The sequence information of target protein, fragment library information are read in, protein conformation is arranged in energy function " score3 " Population population={ x₁,x₂,...,x_i,...,x_NP, wherein NP=100 is Population Size, x_iIndicate i-th of population Individual, iterations Gen, maximum iteration G_max=100, crossover probability p₁=0.1, mutation probability p₂=0.5, sequence is long Degree is L=73；

2) secondary structure similarity is calculated, process is as follows：

3) initialization of population, process are as follows：

4) population is intersected, and process is as follows：

5) Population Variation, process are as follows：

The α unfolded proteins 1AIL for being 73 using sequence length has obtained the protein as embodiment with above method Nearly native state conformation, lowest mean square root deviation areAverage root-mean-square deviation isPre- geodesic structure is as shown in Figure 3.

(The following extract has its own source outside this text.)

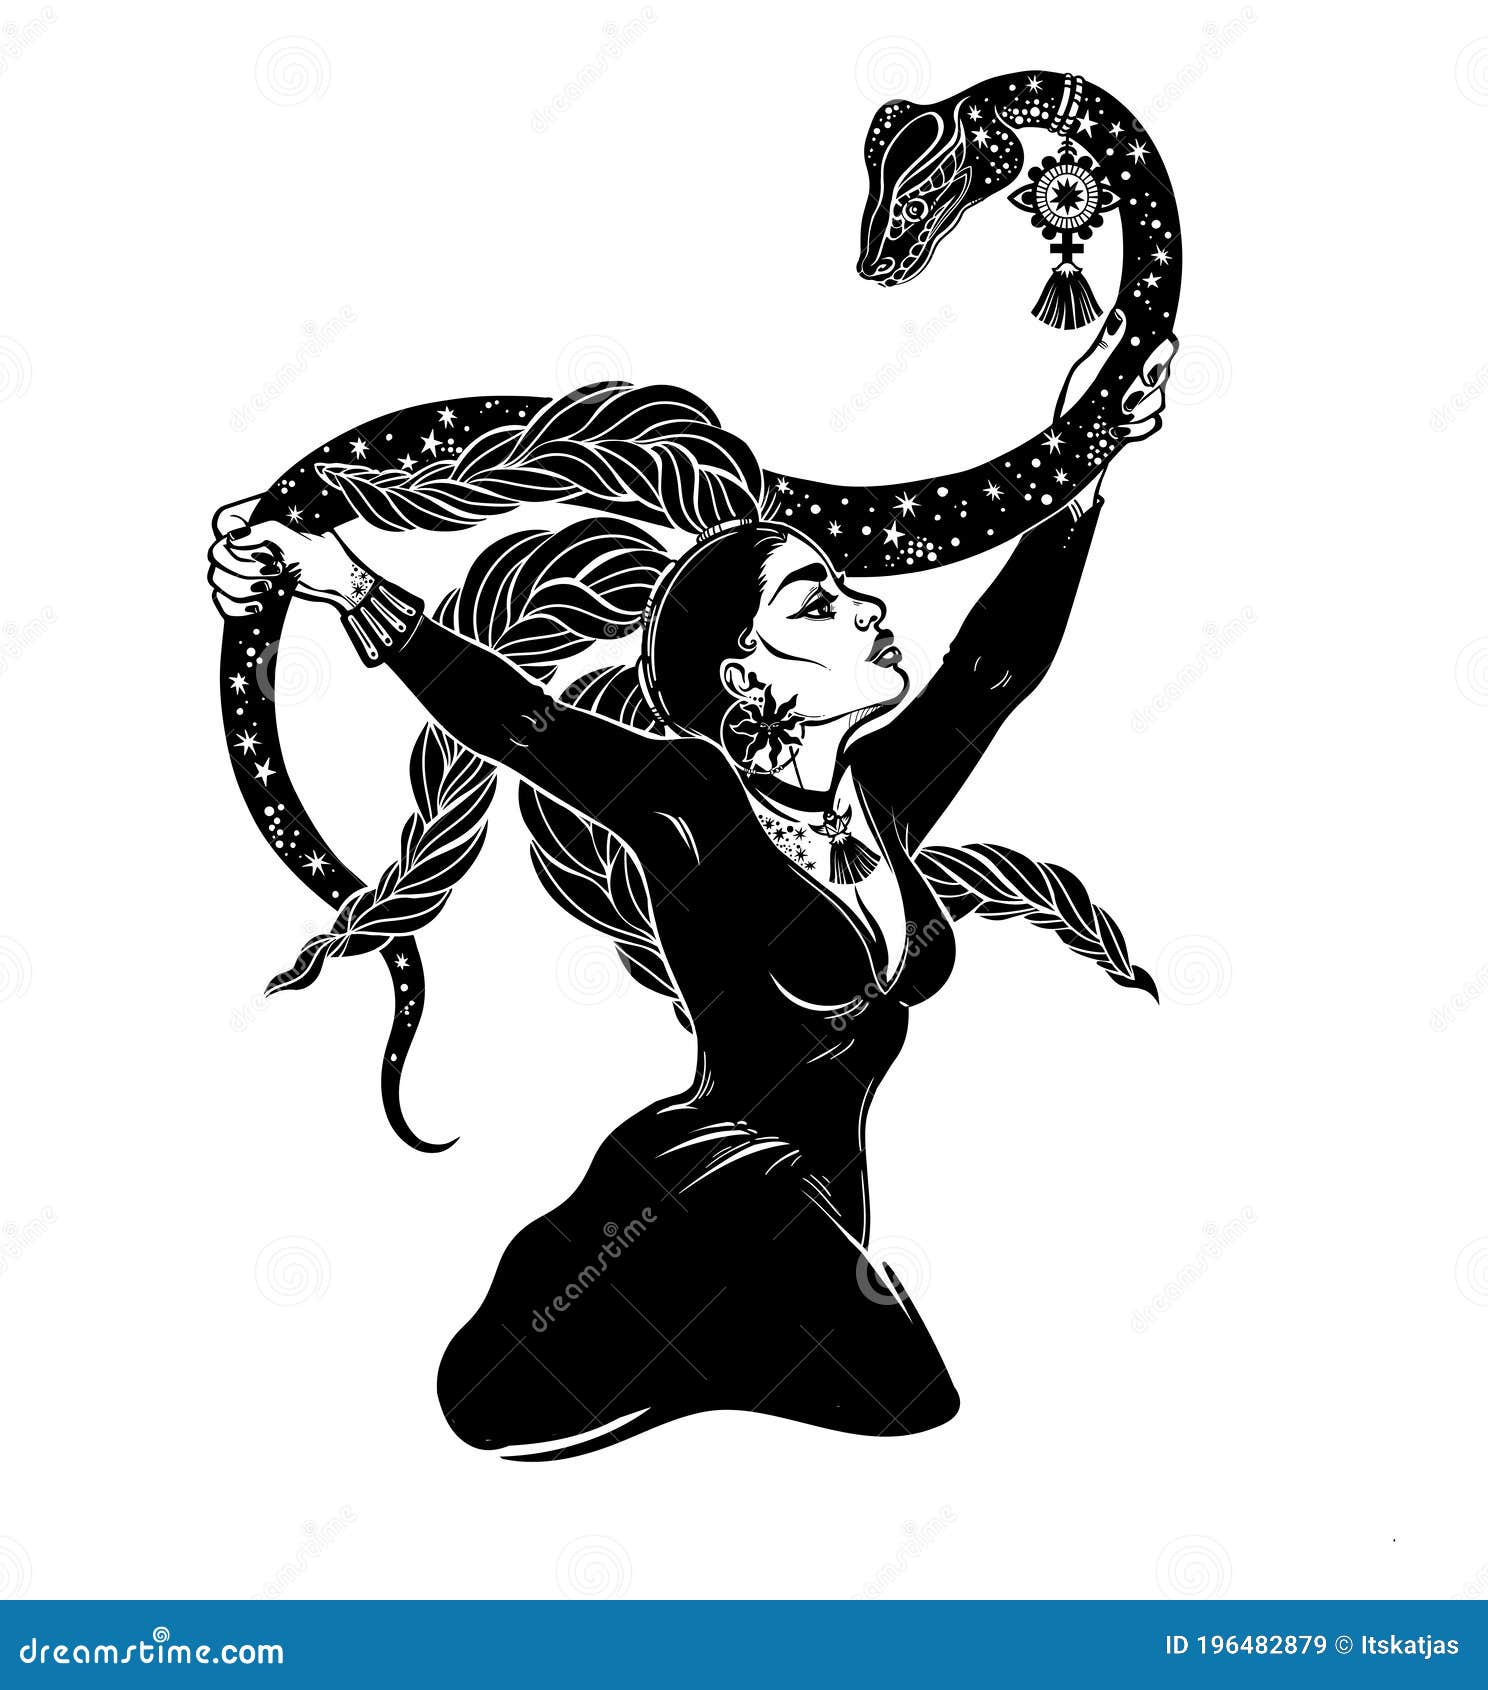 Sussurro de uma cobra - desenho enganoso de uma mulher

Described above is the effect of optimization that is obtained by example using 1AIL protein of the present invention, and the reality of the non-limiting present invention Range is applied, various modifications and improvement are done to it under the premise of without departing from range involved by substance of the present invention, should not be excluded Except protection scope of the present invention.

Claims

1. a kind of Advances in protein structure prediction based on secondary structure similarity, which is characterized in that the protein structure is pre- Survey method includes the following steps：

1) parameter setting, process are as follows：

2) secondary structure similarity is calculated, process is as follows：

For the protein x that a sequence length is L_i, obtaining the secondary structure that it is predicted by PSIPRED line servers isK ∈ [1, L], the secondary structure that conformation is obtained by Dssp algorithms areK ∈ [1, L], according to formula

3) initialization of population, process are as follows：

Segment assembling is carried out to the individual of population, until the resi-dues of all positions are all replaced once, then completes to initialize Operation；

4) population is intersected, and process is as follows：

4.1) NP individual is matched two-by-two, forms NP/2 pairs, and to its number a₁,a₂,...,a_j,...,a_NP/2,j∈[1,NP/ 2]；

4.2) one group of a therein is randomly choosed_j, according to Probability p₁It judges whether to intersect, if intersecting, randomly selects individual Some position, be segments that crosslength ∈ [3,10] exchange the two individuals to intersect length at random, obtain two it is new Individual；

5) Population Variation, process are as follows：

5.1) to individual x_i, i ∈ [1, NP] use mutation probability p₂Segment assembling is carried out, if random (0,1) ＞ p₂, then 3 are carried out The segment of segment assembles, if random (0,1) ＜ p₂, then the segment assembling of 9 segments is carried out, individual x is obtained after segment assembling_i′；

5.2) use energy function to assembling front and back individual x_iAnd x_i' calculate separately energy and obtain E_iAnd E_i', if E_i' ＜ E_i, then Retain individual x_i′；If E_i' ＞ E_i, then according to Boltzmann Probability p=exp {-(E_i′-E_i)/KT }, to determine whether receiving assembling Individual afterwards, if random (0,1) ＜ p, then retain individual x_i′；Otherwise, retain individual x_i；

First, the population after initial population and variation is merged into the new population that a Population Size is 2*NP, then, calculated new The secondary structure similarity of population at individual sorts to the population after merging according to the height of secondary structure similarity, NP before choosing A secondary structure similarity it is high individual alternatively after population at individual, finally, be arranged Gen=Gen+1；

7) judge whether that reaching maximum obtains iterations G_max, stop iteration if meeting condition and export last generation population Body information, otherwise return to step 4).